Genotype figures in our research landscape, but instead of being the landscape itself, it becomes part of the fitness function. Here's an overly simplified example that might clear things up:

Consider a combination of two drugs. If we use the dosage of each drug as an axis, this gives us something that looks a lot like our first example with drug A being north/south, drug B being east/west and the effect we're measuring being height. In other words, our fitness function has a domain of all points on our AB plane and a range corresponding to the effectiveness of that dosage. Since we expect genetics to affect the subjects react to the drugs, genotype has to be part of that fitness function. If we ran the test on lab rats we would expect a different result than if we tested it on humans but we would hope that the landscapes would be similar (or else there would be no point in using lab rats).

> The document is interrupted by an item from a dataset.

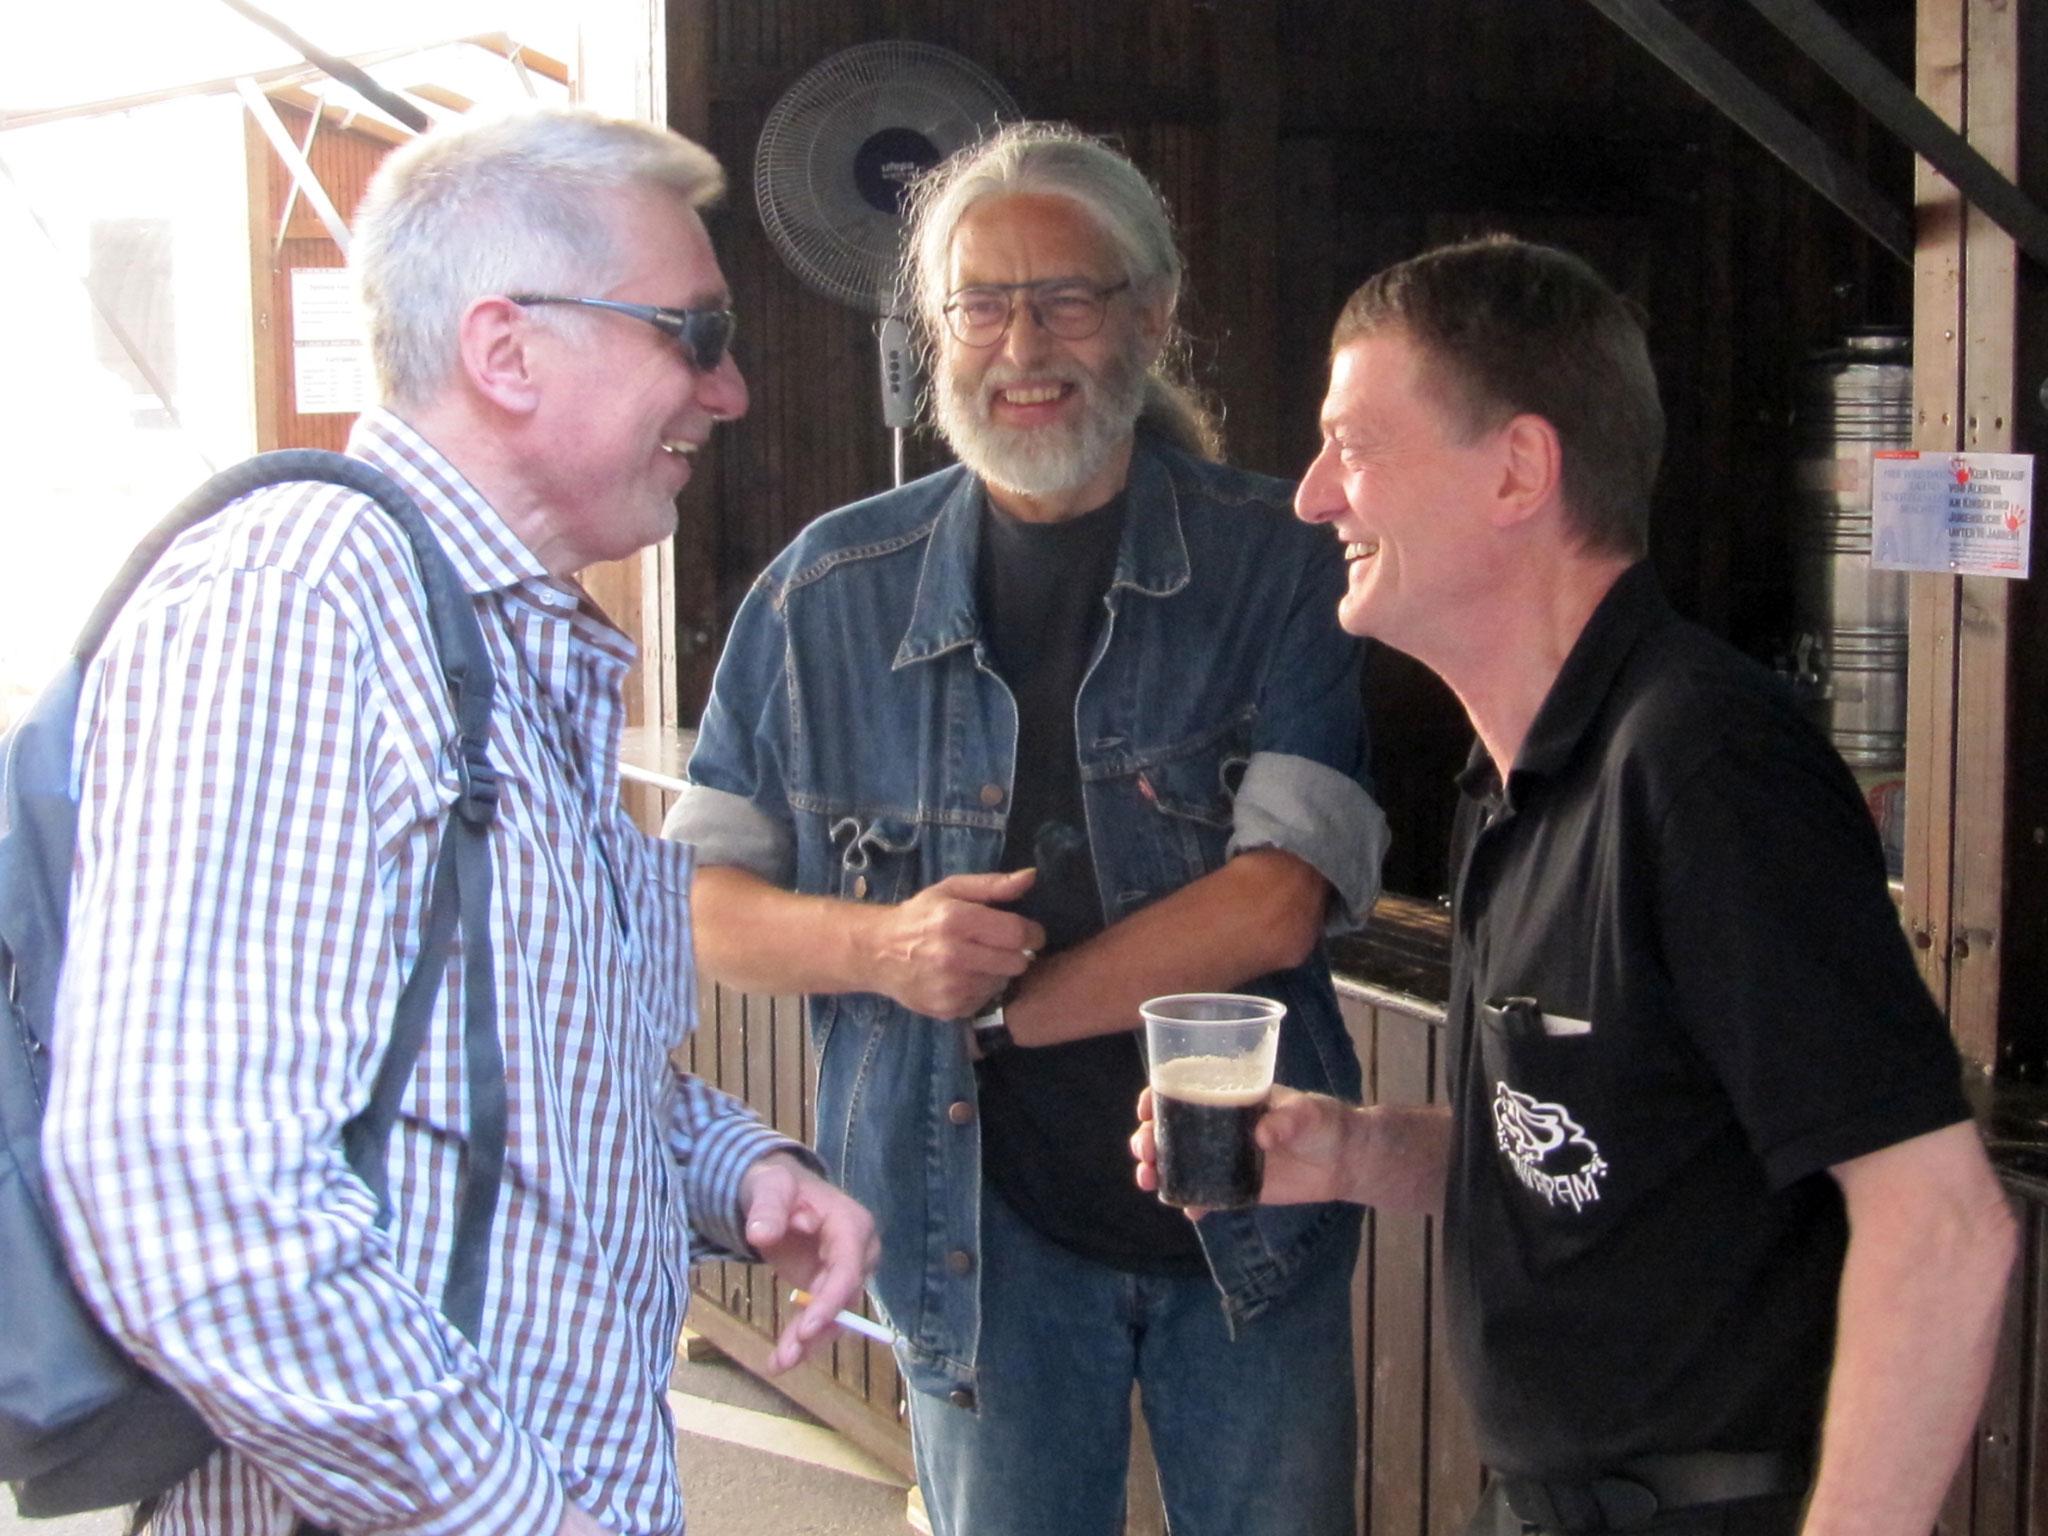 Konzerte im Bürgerhof 24.06.10 Gebhardt, Lightmaster, Sommitsch - Freiwilligen-Zentrum Augsburg - Foto: Rolf Schönberger

Scientists who use animal testing are acutely aware of the problems of going from one landscape to another. For each system studied, they have spent a great deal of time and effort looking for the test species that functions most like humans. The idea is that if you could find an animal with, say, a liver that functions almost exactly like a human liver, you could do most of your controlled studies of liver disease on that animal and only use humans for the final stages.

As sound and appealing as that idea is, there is another way of looking at this.

On a sufficiently high level with some important caveats, all research can be looked at as a set of gradient searches over a vast multidimensional landscape. With each study, researchers pick a point on the landscape, gather data in the region then use their findings to pick their findings and those of other researchers to pick their next point.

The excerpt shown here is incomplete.